**Work order**
Please set down each of the lines below once more, exactly, omitting all pictures.

---------- Input data ----------

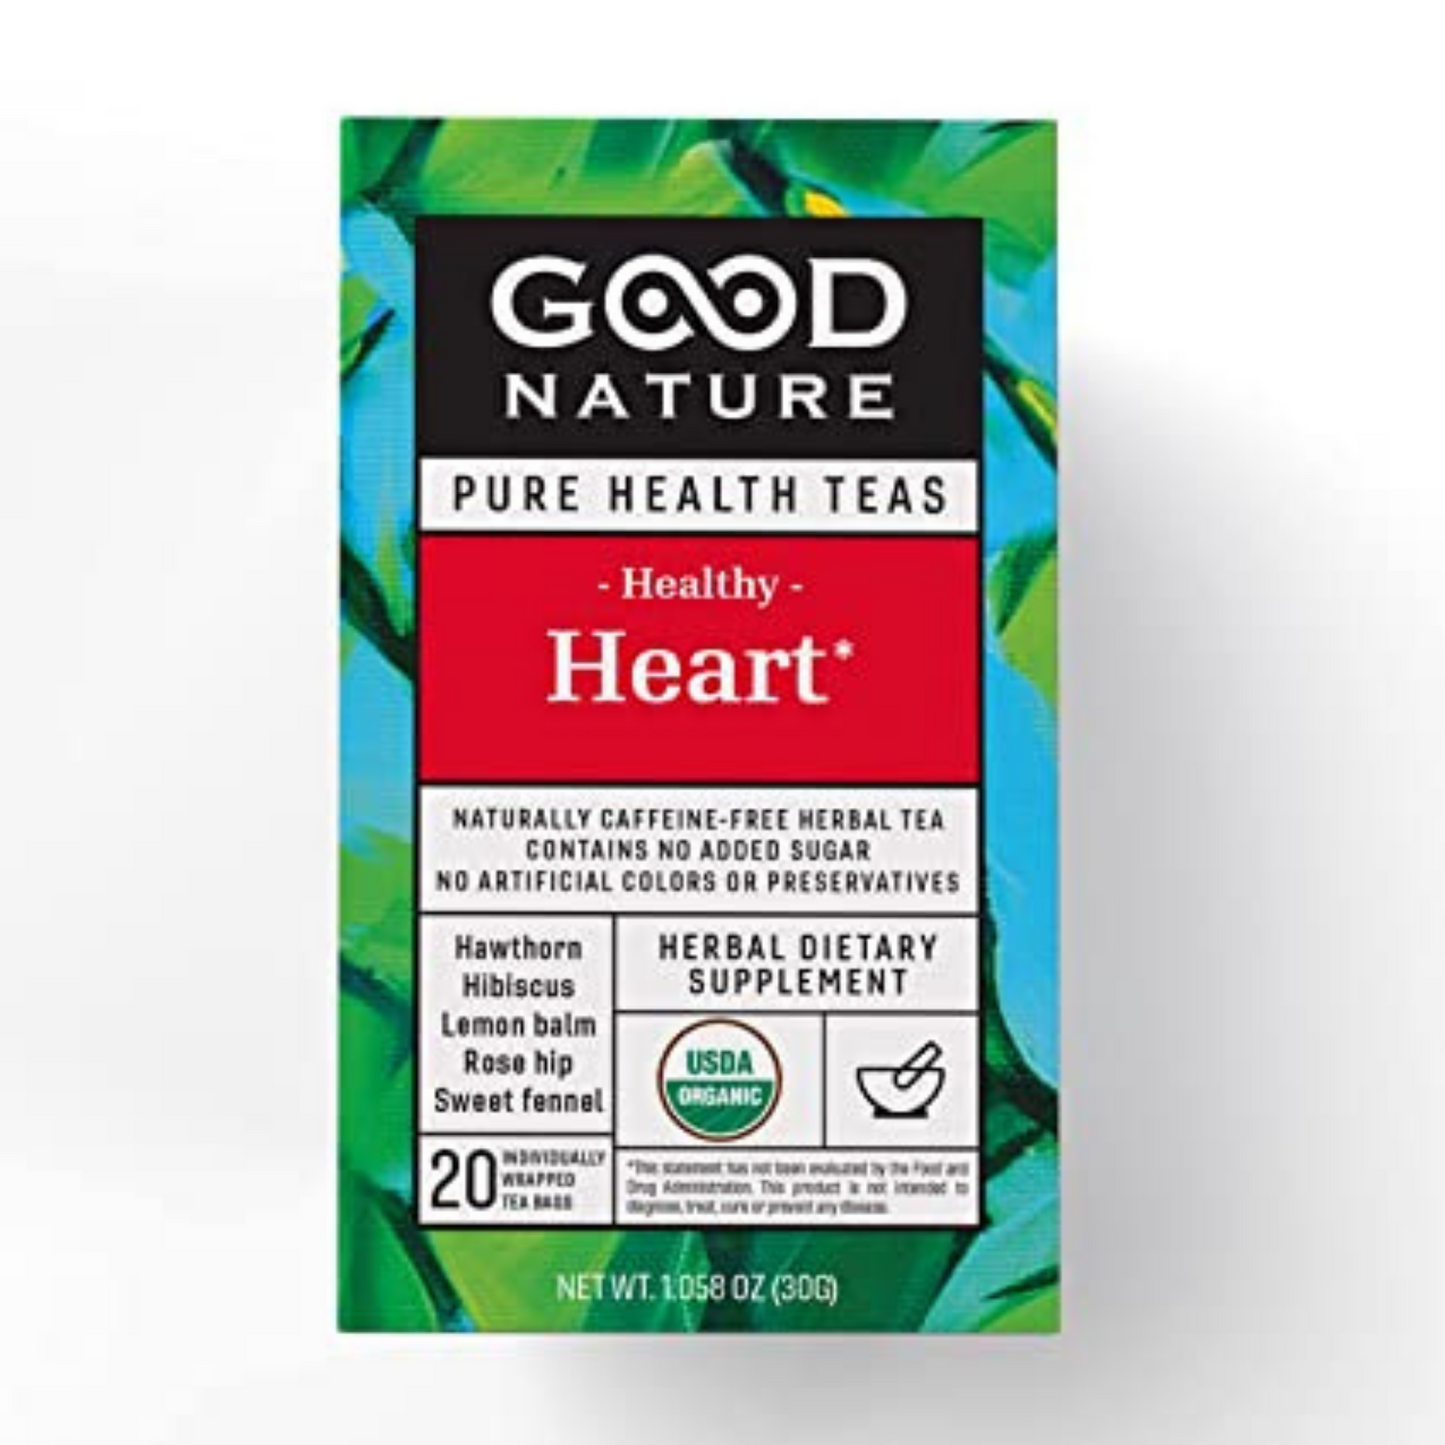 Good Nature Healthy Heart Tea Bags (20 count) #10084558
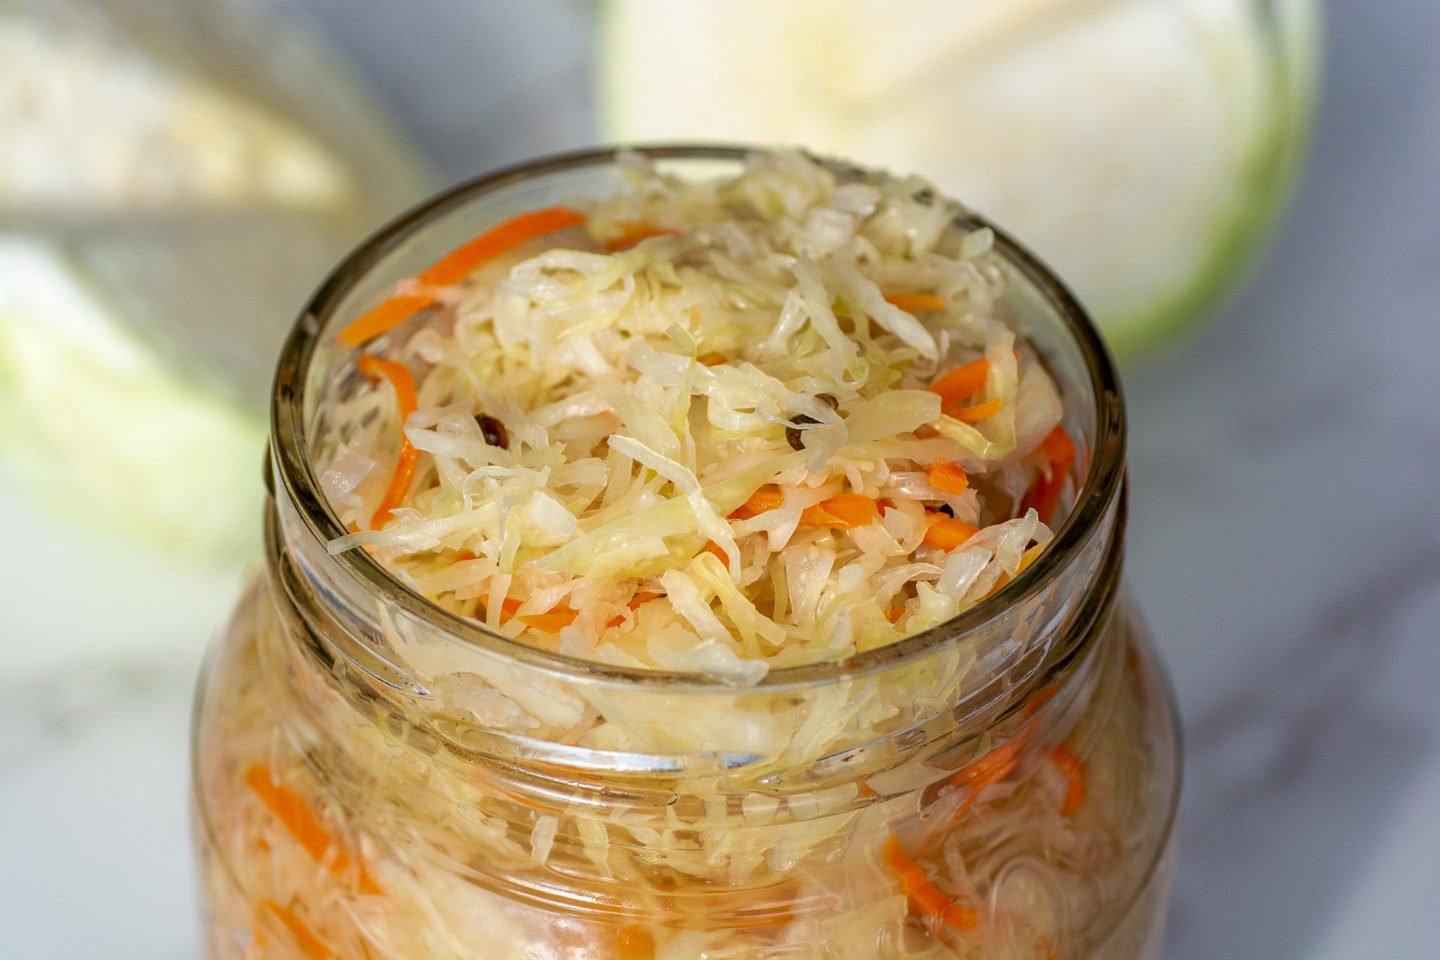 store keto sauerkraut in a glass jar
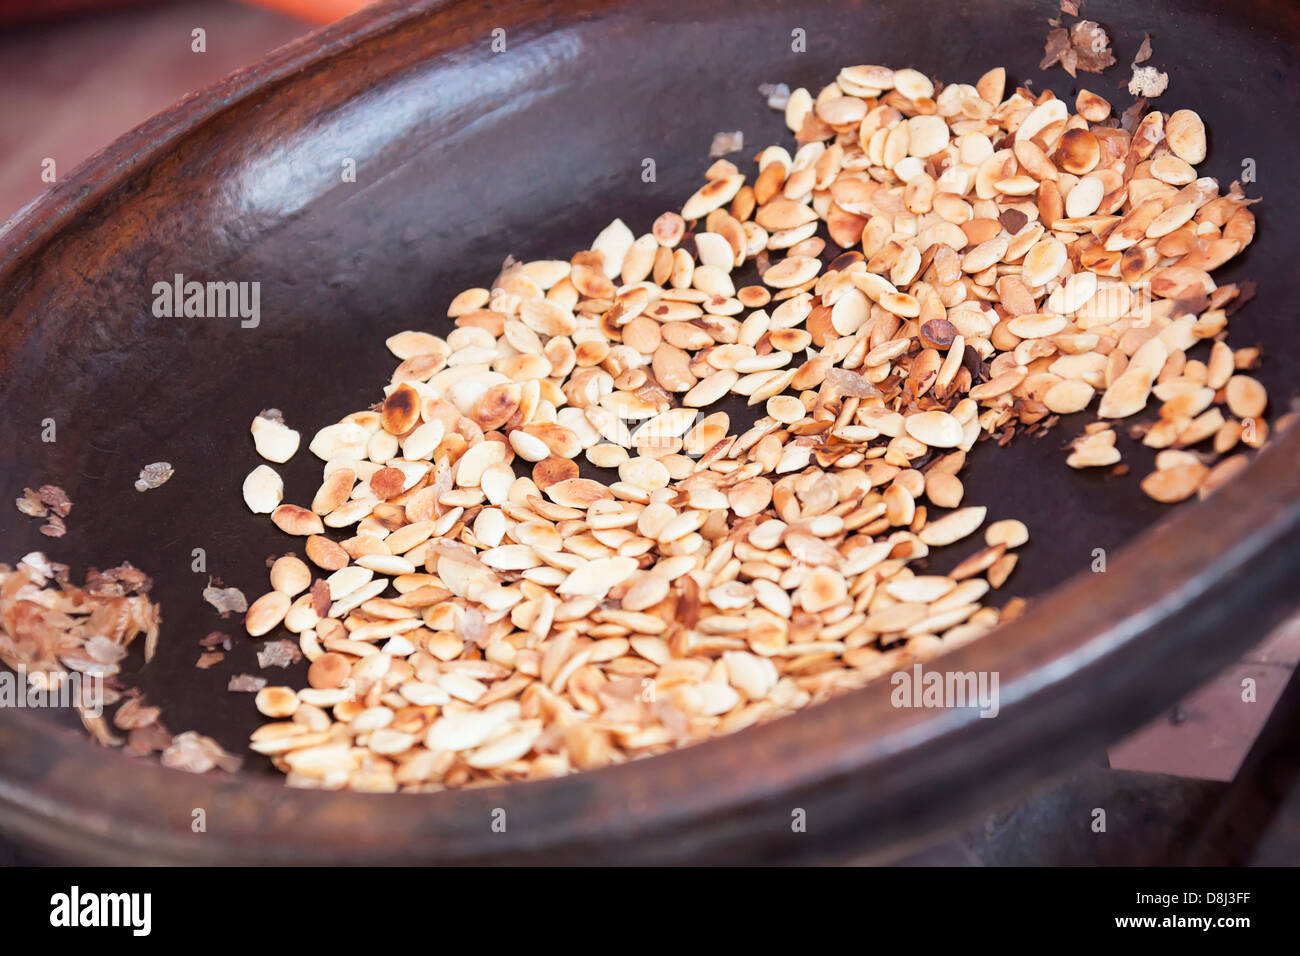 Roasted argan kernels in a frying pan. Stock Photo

----------

**Written answer**
 Good Nature Healthy Heart Tea Bags (20 count) #10084558
 store keto sauerkraut in a glass jar
 Roasted argan kernels in a frying pan. Stock Photo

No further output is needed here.